Suppose we have a decreasing sequence defined in the following way. First consider a random number generator \(R\) that takes a non-negative integer, \(n\), as input and returns one of \(\{0,1,...,n-1\}\), the choice being made uniformly at random. Now pick some integer \(x_0\) and define a sequence of \(x_i\) by the recurrence relation:
\[x_i = R(x_{i-1}) \qquad i \geq 1\]Clearly the sequence is strictly decreasing.
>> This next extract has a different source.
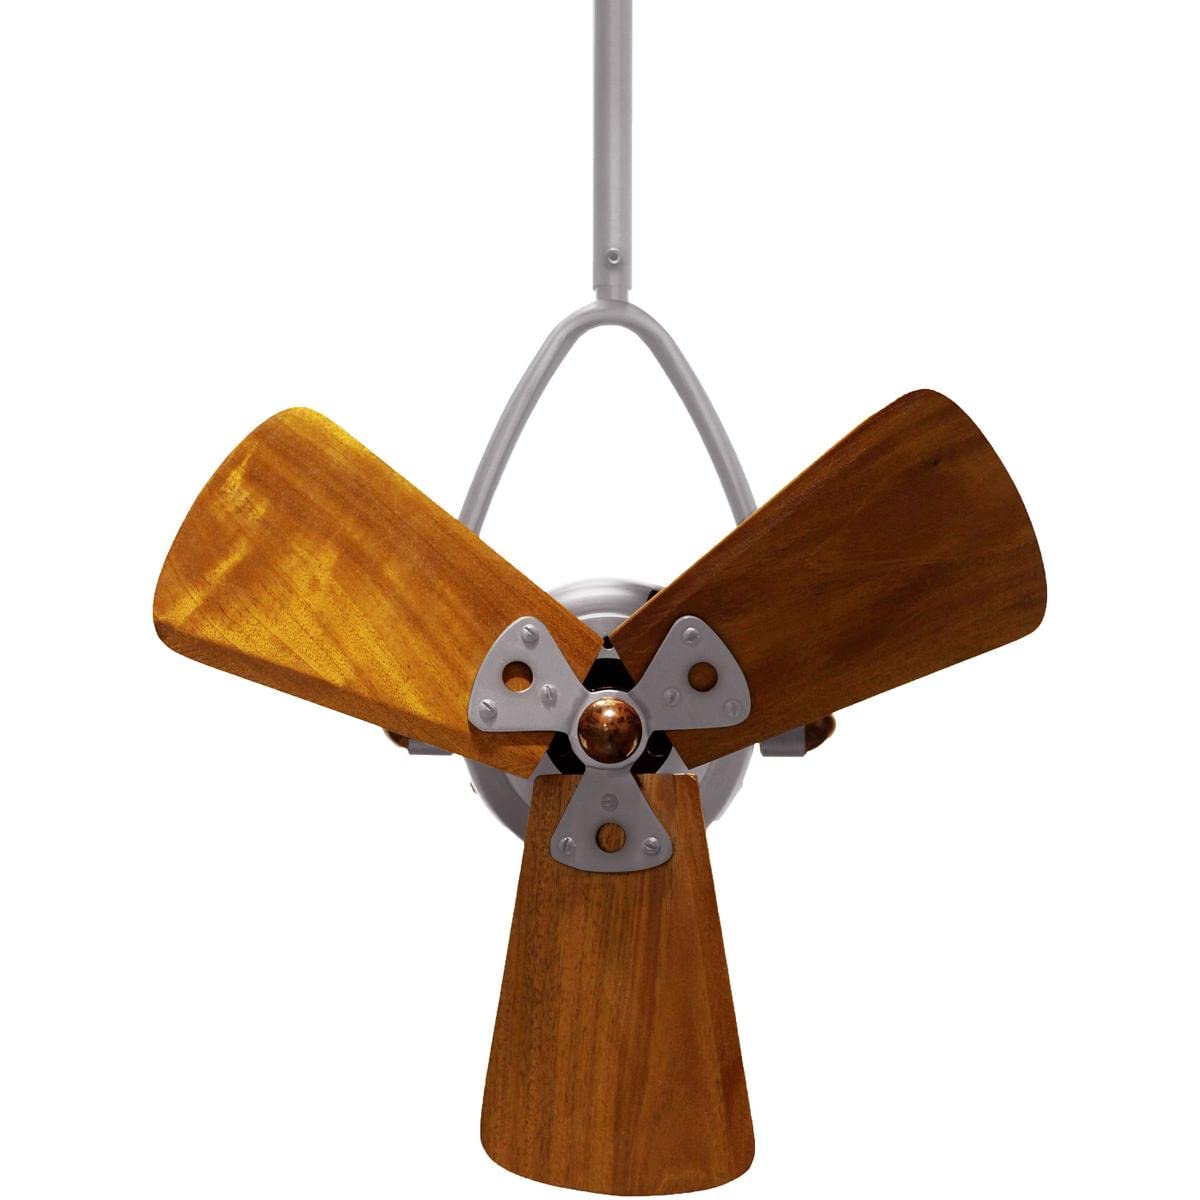 Matthews Fan JD-BN-WD Jarold Direcional ceiling fan in Brushed Nickel finish with solid sustainable mahogany wood blades.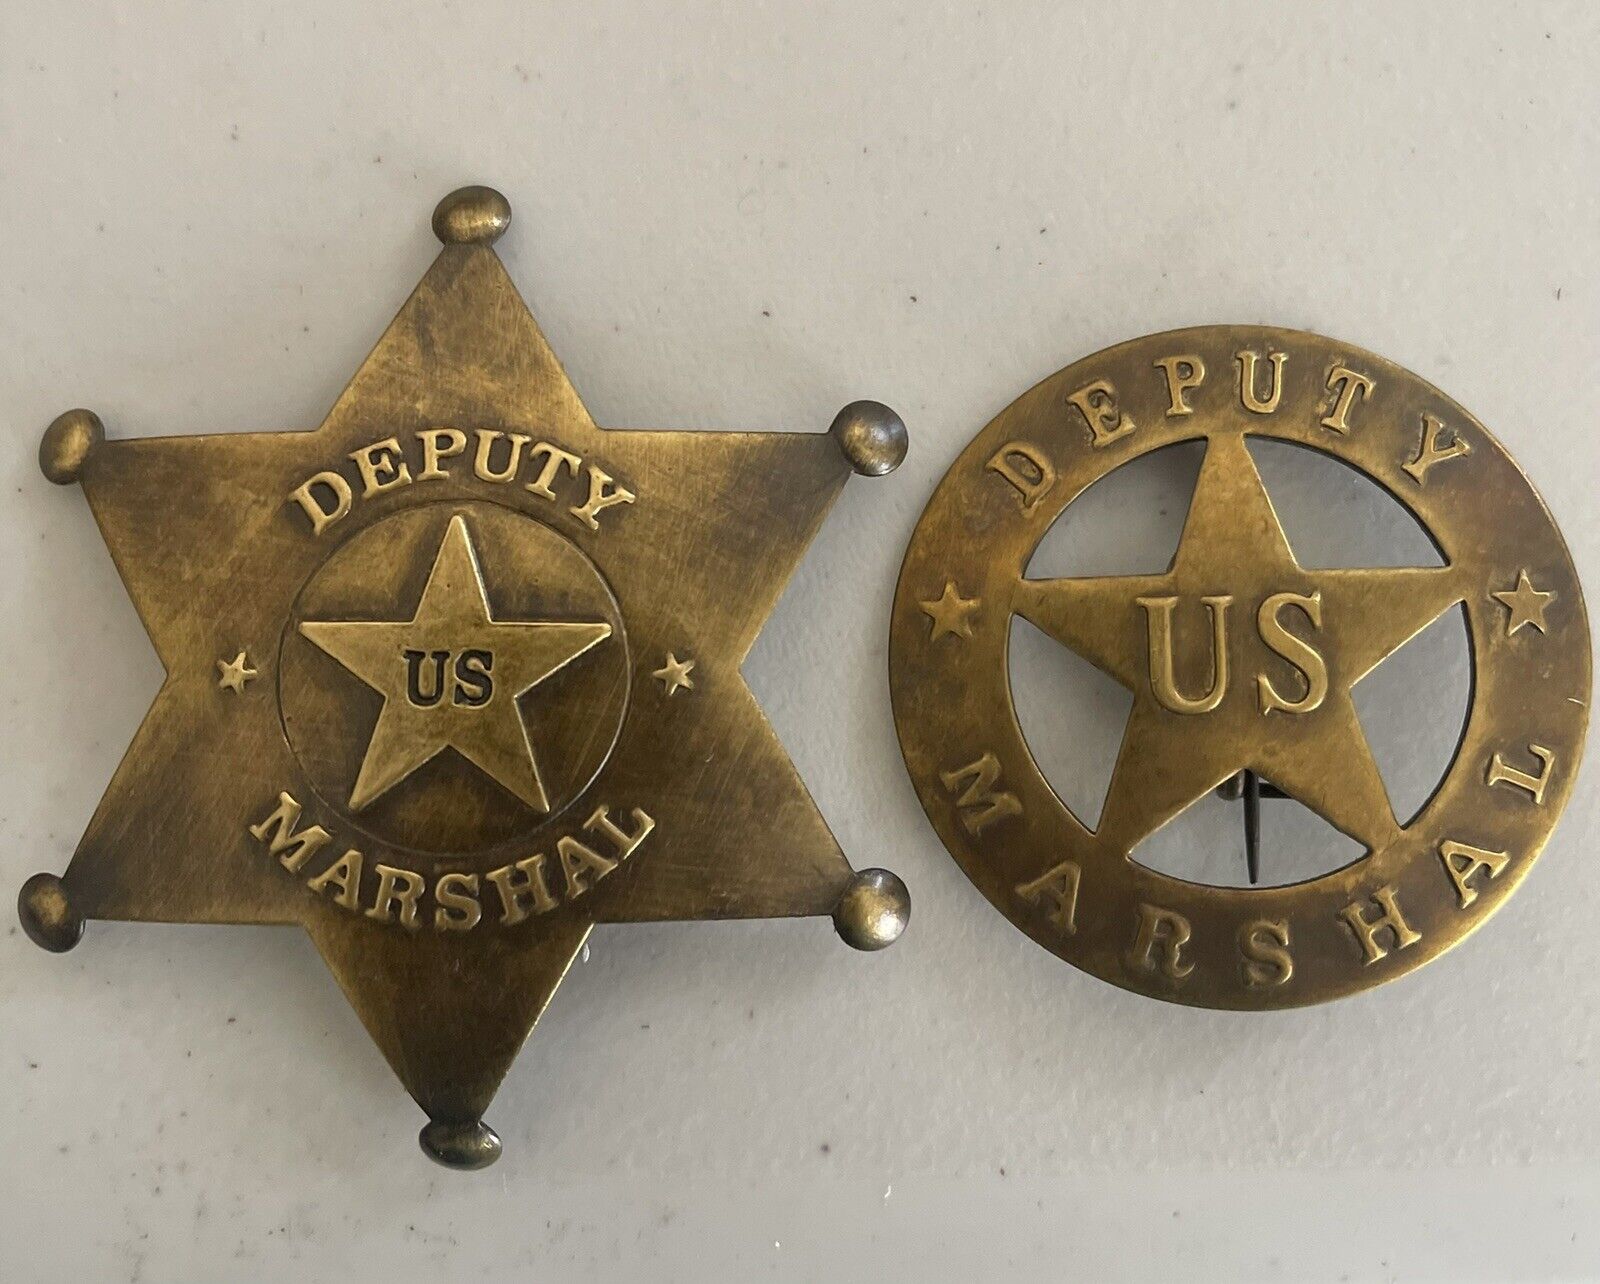 2 Deputy US Marshal Brass Badge Replica Old West Sheriff Souvenirs ￼

Moreover it has some finite, non-deterministic running time (\(x_i=0\) is an absorbing state). How long do we expect it to run for, given some (large) initial integer seed \(x_0\)?
We can solve this fairly rapidly using the tower rule. Let us call \(\mathcal{E}_r\) the expected running time for \(x_{0} = r\). Then
\[\begin{equation} \begin{aligned} \mathcal{E}_{N} &= 1 \cdot \frac{1}{N} + \frac{1}{N} \sum_{k=1}^{N-1} (1 + \mathcal{E}_k) \\ & = 1 + \underbrace{\frac{1}{N} \sum_{k=1}^{N-1} \mathcal{E}_k}_{\mathcal{S}_{N-1}} \end{aligned} \end{equation}\]The labelled term \(S_N\) has a rather simple recursion relation itself,
\[\begin{equation} \begin{aligned} \mathcal{S}_{m-1} &= \frac{1}{m} \sum_{k=1}^{m-1} \mathcal{E}_k \\ &= \frac{1}{m} \mathcal{E}_{m-1} + \frac{m-1}{m} \frac{1}{m-1}\sum_{k=1}^{m-2} \mathcal{E}_k \\ &= \frac{1}{m} (1 + \mathcal{S}_{m-2}) + \frac{m-1}{m} \mathcal{S}_{m-2} \\ \implies \mathcal{S}_{m-1} &= \frac{1}{m} + \mathcal{S}_{m-2} \end{aligned} \end{equation}\]\(\mathcal{S}_1 = \frac{1}{2}\), so we can clearly see that \(\mathcal{S}_m = \sum_{k=2}^{m+1} \frac{1}{k}\) which gives us \(\mathcal{E}_{x_0} = \sum_{k=1}^{x_0} \frac{1}{k}\). For large initial seed this is \(\approx \log(x_0)\).